VANCOUVER, B.C. – With help from grassroots Green support, Commissioner Tom Digby secured a major milestone at Park Board this month. His motion to update the city's plan for mitigating the forest fire risk in Stanley Park passed unanimously.
Digby credits the pressure applied by ordinary Vancouverites: “Together we brought focus to an issue that even my reluctant commissioner colleagues could not deny. Our campaign effectively combined media and social media tools with street action and online activism.”
Climate change has fueled an unprecedented forest fire season in British Columbia and across Canada. Since April, massive fires have choked the continent in suffocating smoke. The current Stanley Park Forest Management Plan has not been updated since 2009. As the forest in Stanley Park enters its dry season, many are anxious that it could be the next forest to burn.
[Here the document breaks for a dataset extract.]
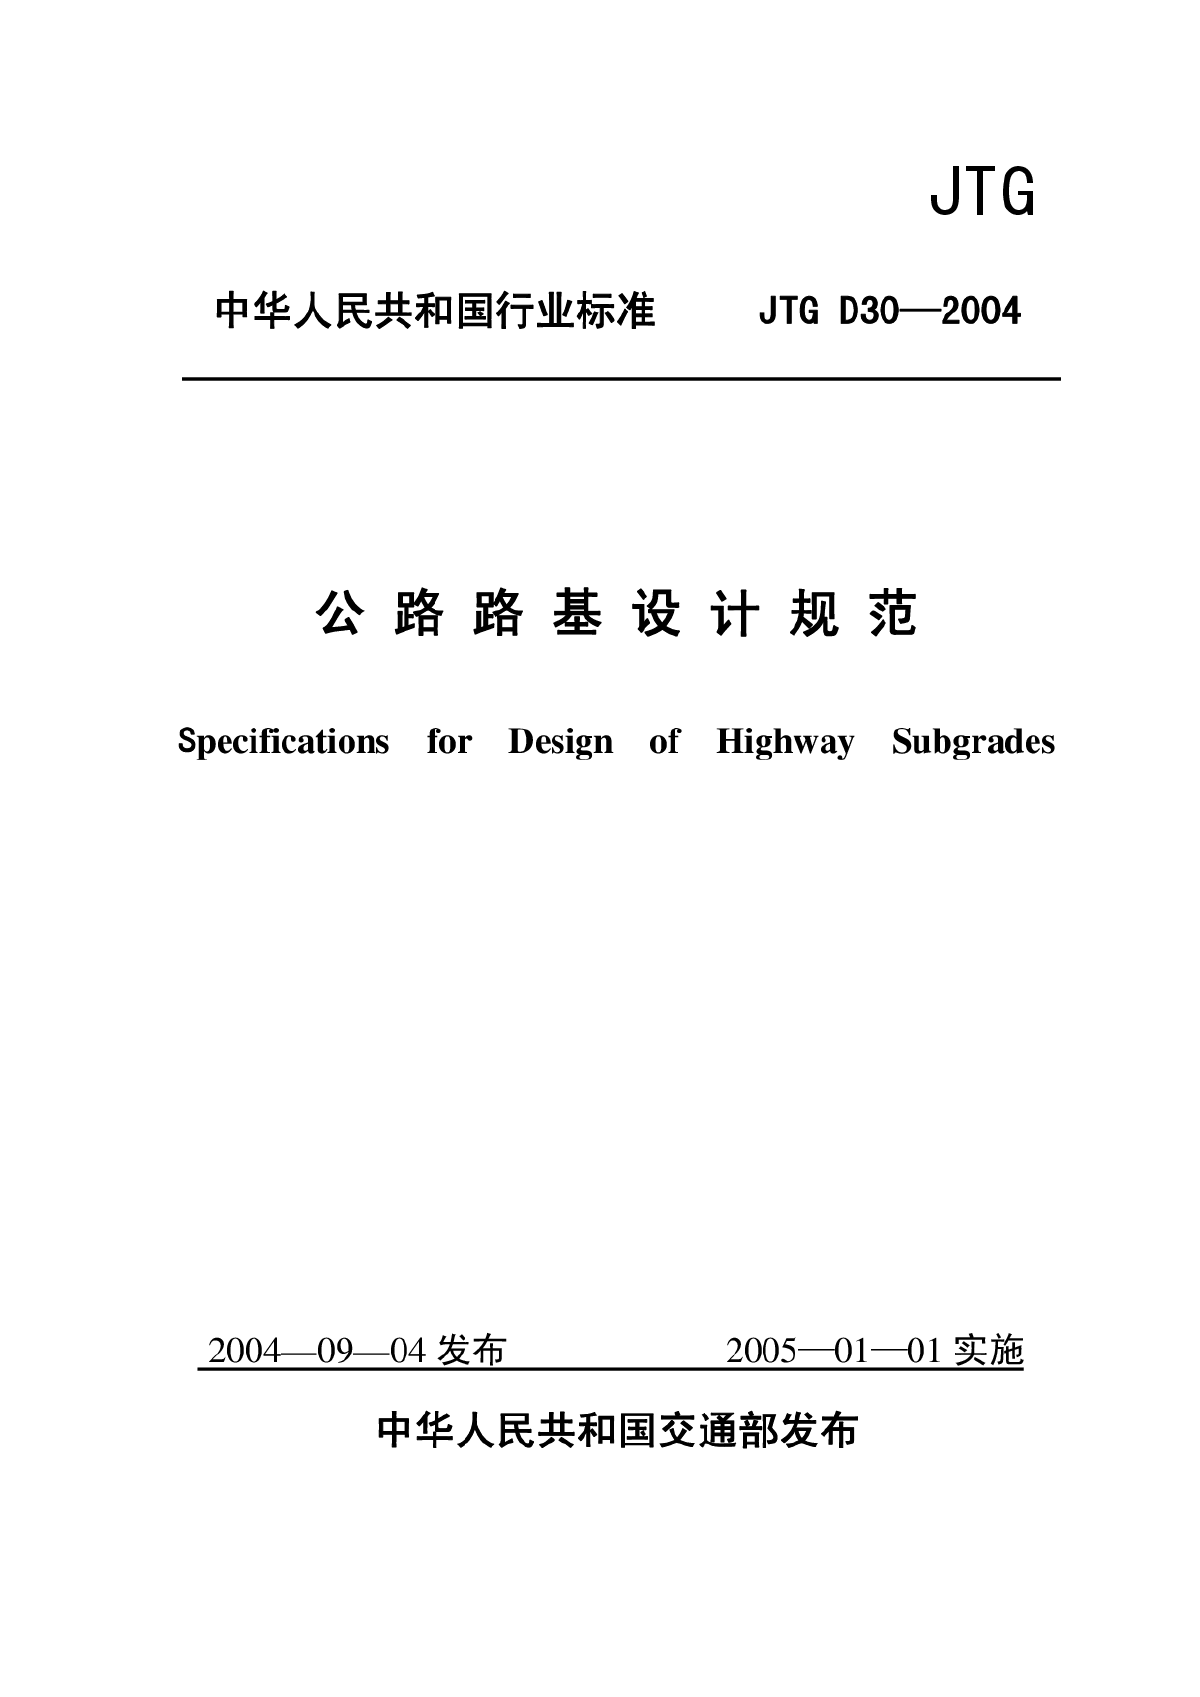 公路路基设计规范(JTG_D30—2004)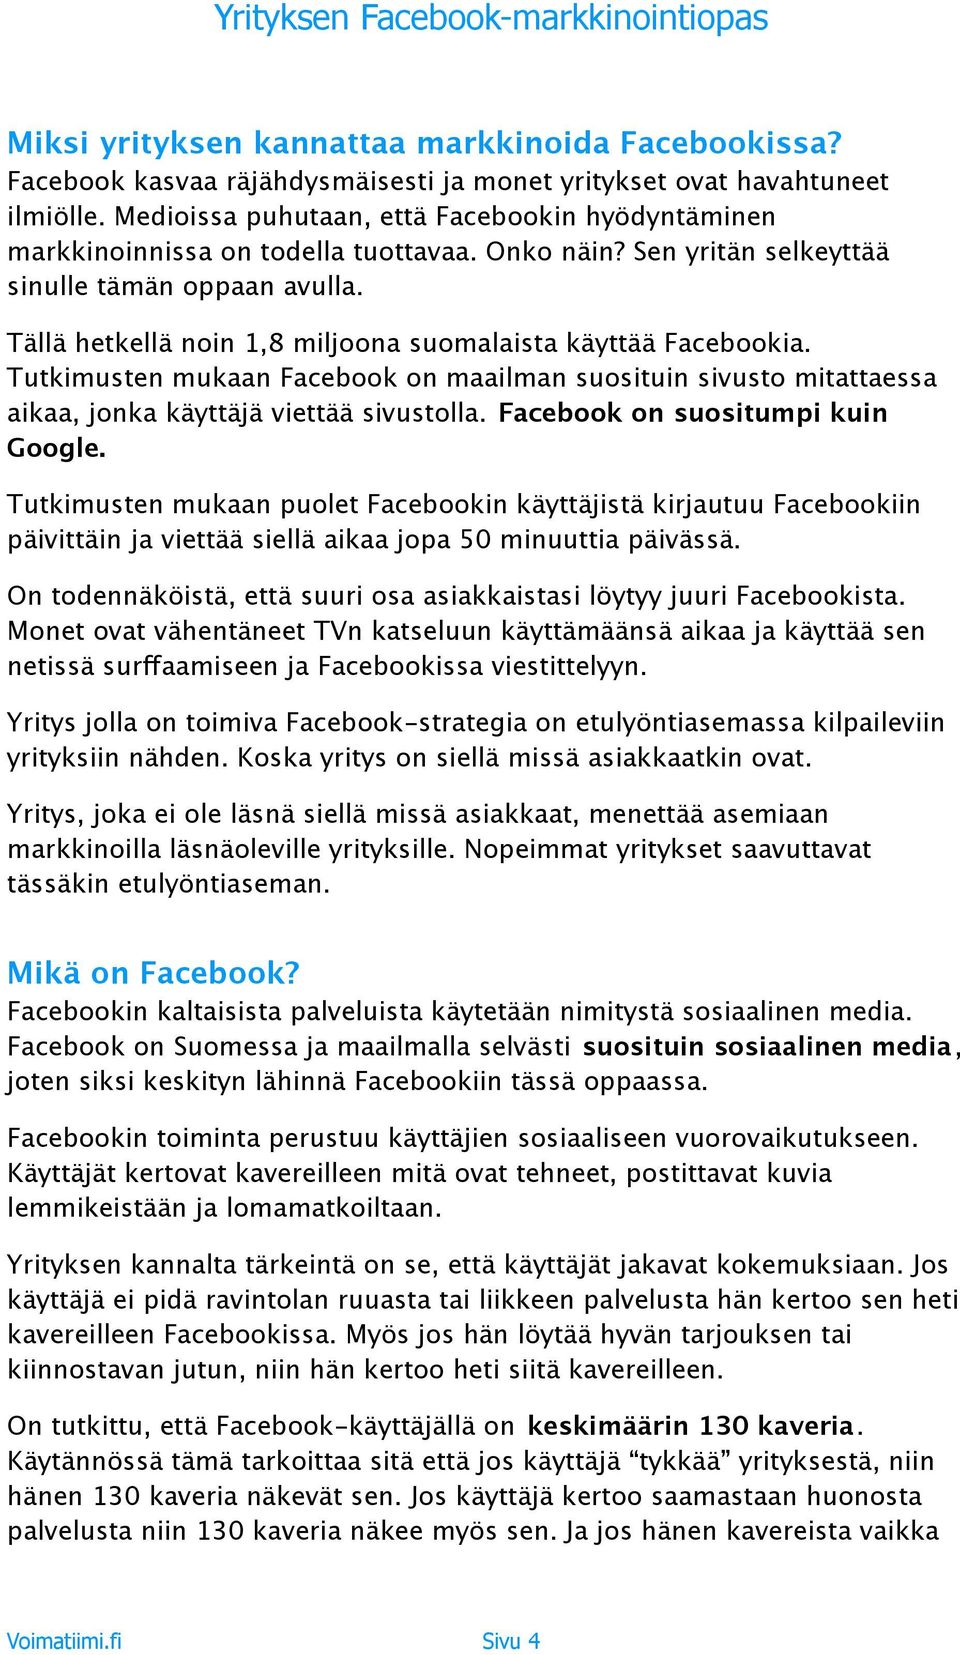 Tällä hetkellä noin 1,8 miljoona suomalaista käyttää Facebookia. Tutkimusten mukaan Facebook on maailman suosituin sivusto mitattaessa aikaa, jonka käyttäjä viettää sivustolla.

The 2009 plan accurately predicted that the Hemlock Looper moth was a threat to forest canopy. This risk materialized in 2020-2023, killing most of the Western Hemlock and leaving an estimated 20% of the mature forest as standing dead trees.
Digby’s motion notes that climate change, erratic weather, and extended drought periods are now routinely experienced in Vancouver and that previous plans did not directly incorporate indigenous perspectives on wildfire risk in Stanley Park.
City staff have been directed to report back with an updated risk mitigation plan, which is expected this year.
Digby is the sole Green at Park Board. Emphasizing collaborative politics, Digby achieved a remarkable unanimous vote in this case.